On April 8, 2010, the United Kingdom Parliament enacted the Bribery Act 2010 (the “Bribery Act”) into law, creating one of the most stringent and far-reaching anti-corruption initiatives in the world. The Bribery Act, which is expected to go into force in October 2010, greatly increases the potential criminal liability of companies doing business in foreign countries, in particular by creating strict criminal liability for companies that fail to prevent their employees and other associated individuals from engaging in bribery. Businesses with any connection to the UK should re-evaluate their compliance programs in light of the new law.
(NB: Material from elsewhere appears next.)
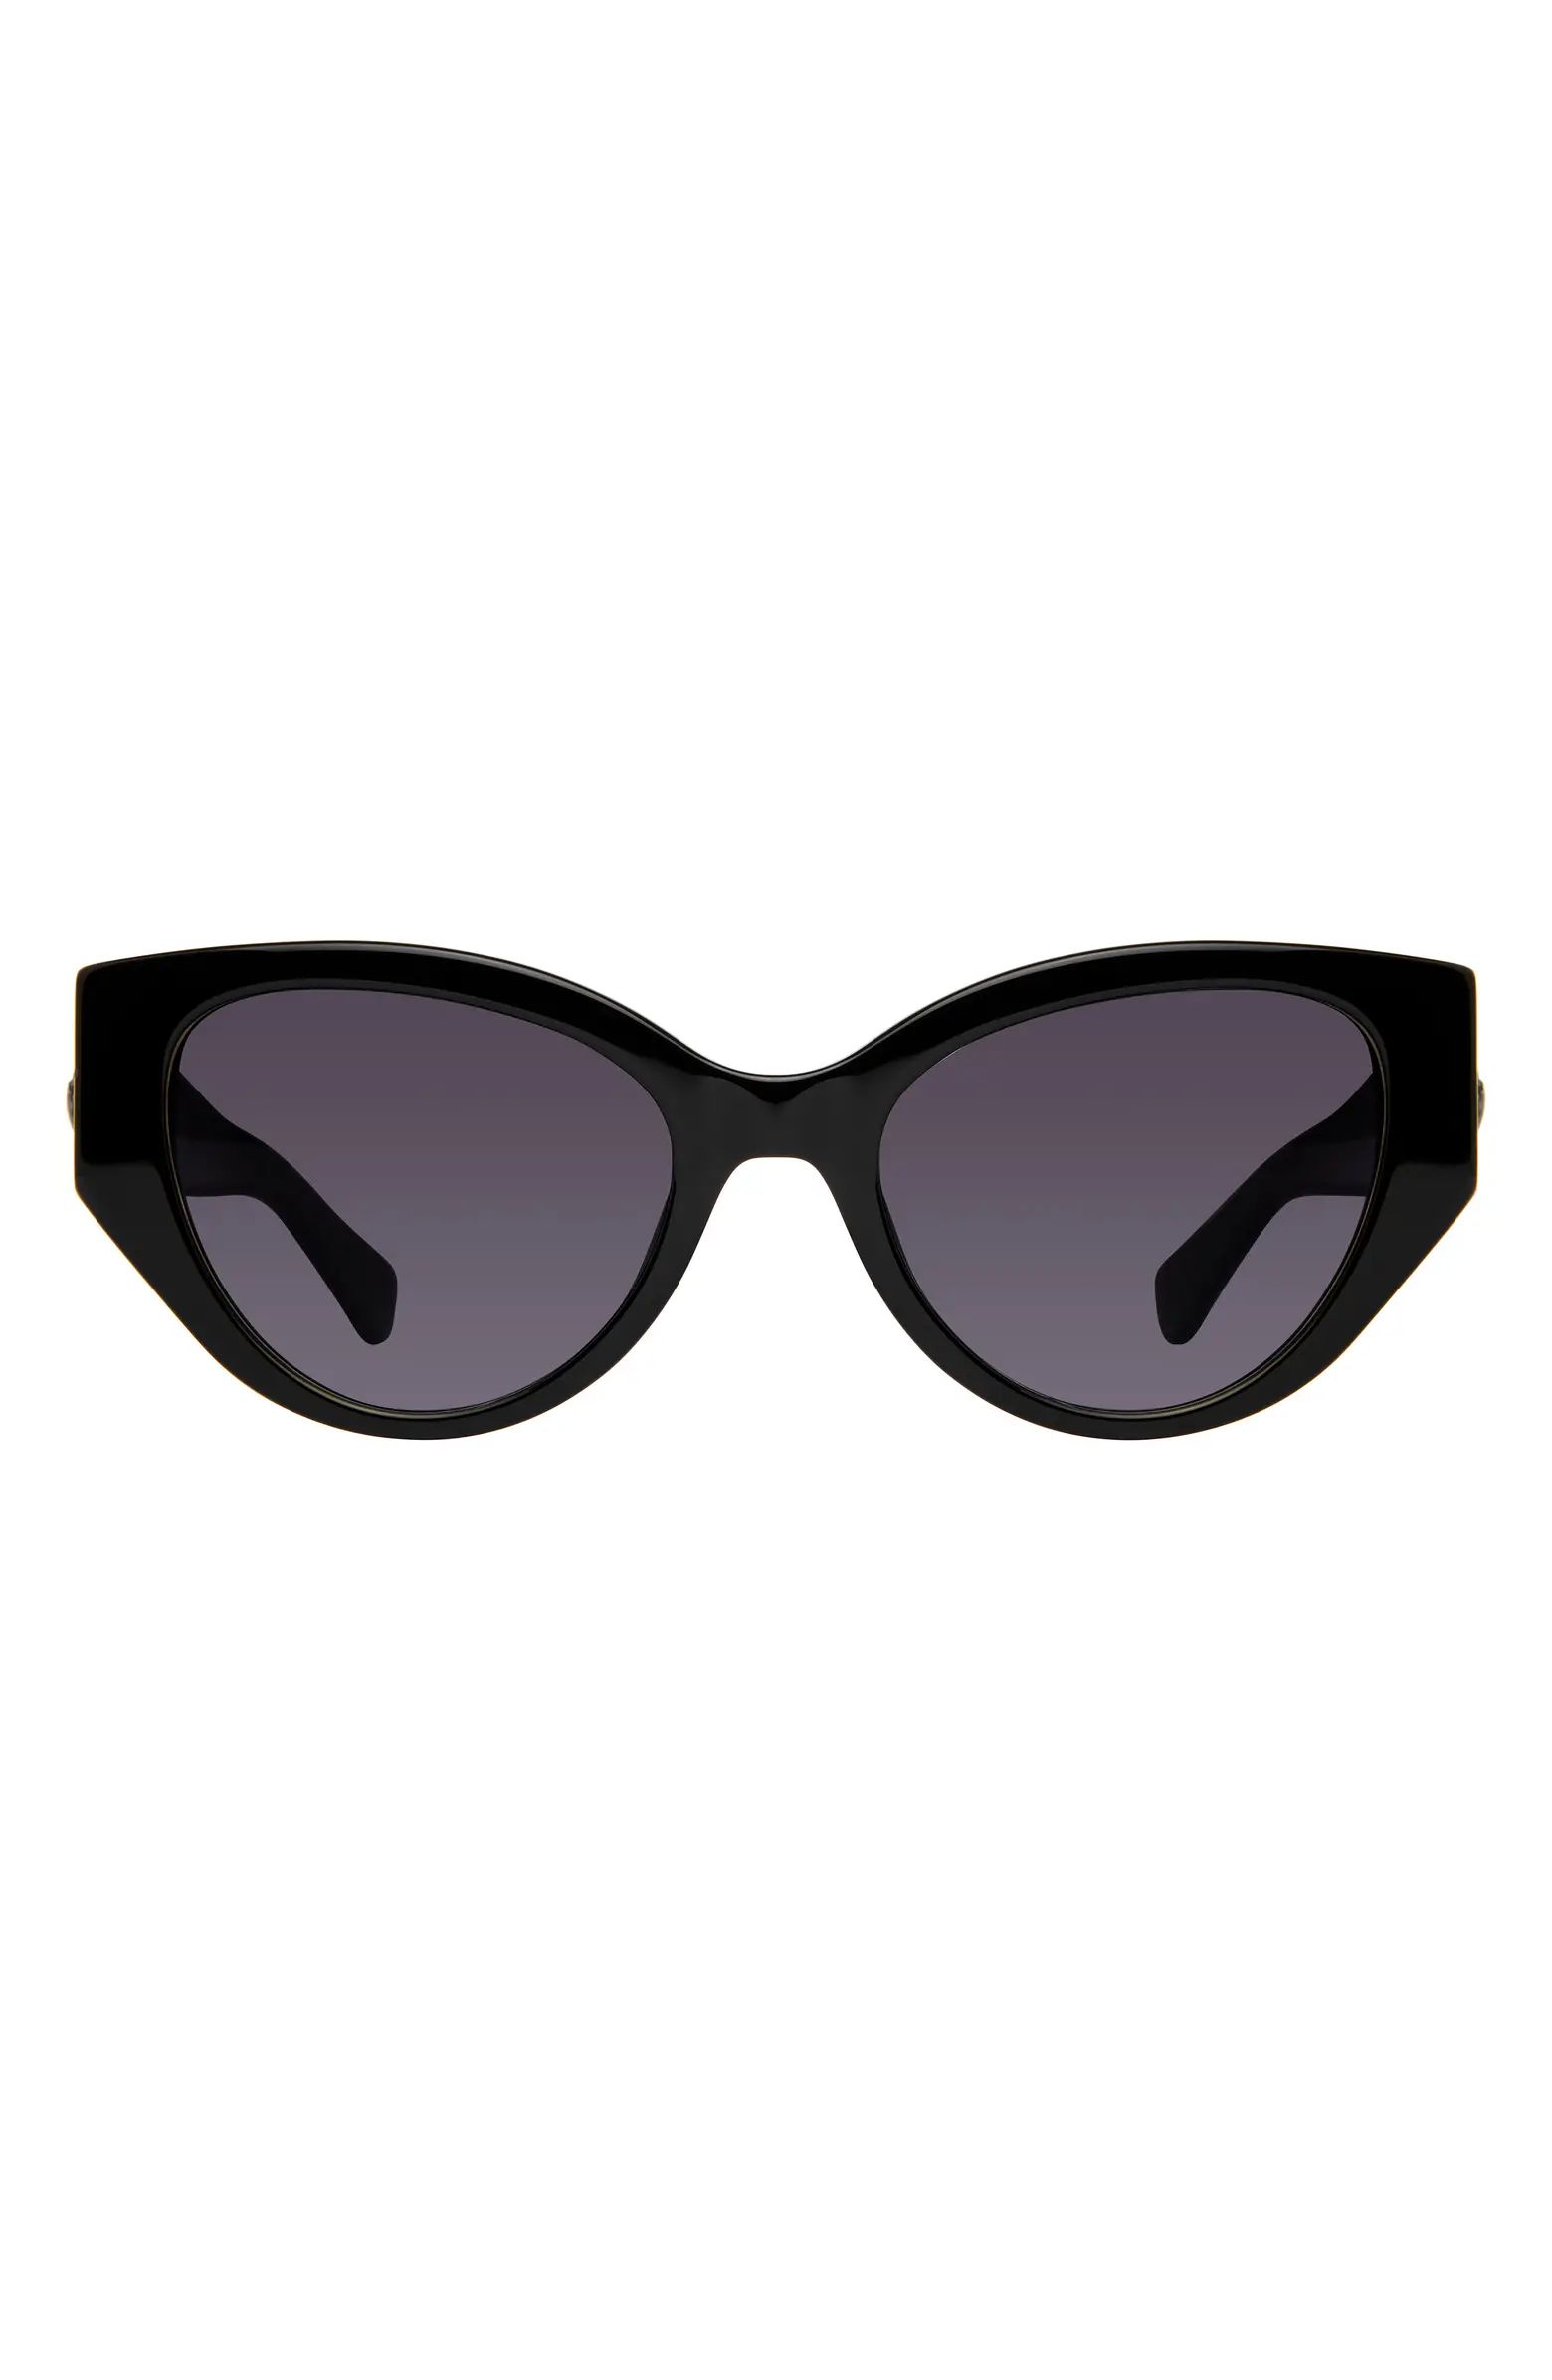 Kurt Geiger London Shoreditch 53mm Gradient Round Sunglasses | Nordstrom | Nordstrom

The Bribery Act sets out three separate criminal offenses: (1) the offense of a person bribing another person; (2) the offense of a person requesting or receiving a bribe; and (3) the offense of a commercial organization failing to prevent bribery.  

It is notable that the Bribery Act criminalizes the giving and receiving of bribes to both public officials and private persons. It is an offense to offer, promise, or give a financial or other advantage to a public official (or to a third person at the official’s request) with the intent to influence the official and to obtain a business advantage. It is irrelevant whether the influence intended or received is within the scope of the public official’s actual authority. It is also an offense to offer, promise, or give a financial or other advantage to any person with the intent to induce that person to “perform improperly” a relevant function or activity, or to reward such improper performance. The Bribery Act defines relevant functions and activities as any activity connected with a business, any activity performed in the course of a person’s employment, and any activity performed by or on behalf of a body of persons.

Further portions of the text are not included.